Painting by Joos de Momper

Large Mountain Landscape is a large oil-on-canvas painting by Flemish painter Joos de Momper. The painting was completed in the early 17th century. It is currently part of the private collection of the Liechtenstein Museum in Vienna.

==Painting==
The Large Mountain Landscape was probably painted in the early 17th century, possibly in the 1620s. De Momper reportedly was particularly active in the 1620s, a period when he expanded his repertory. Most of de Momper's paintings feature a mountainous topography and evince a more imaginative approach to landscape painting compared to other 17th-century landscapists.

The viewer stands on a high vantage point.

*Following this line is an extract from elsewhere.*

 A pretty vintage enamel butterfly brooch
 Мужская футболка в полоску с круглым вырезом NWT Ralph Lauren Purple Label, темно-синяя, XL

In the foreground, there are a group of horsemen and walking travelers halting in the shade of a cliff. On the path, some people come, some people go. They travel a trail with wooded, steep cliffs on either side. The people travelling on the winding path, falling back to the background, emphasize the sense of dimension.

The staffage of small figures in the large painting is at variance with the large rock formations. To the right, the cliff grows into a peak shrouded by clouds. The contrast between staffage and huge natural features may symbolize the sway of nature over man. However, here, as in every other painting by de Momper, nature is the product of the Fleming's imagination working upon distant memories. Issues of "statics and tectonics" are not addressed here, and indeed the painting adheres to the imaginative landscape painting style of de Momper and his circle.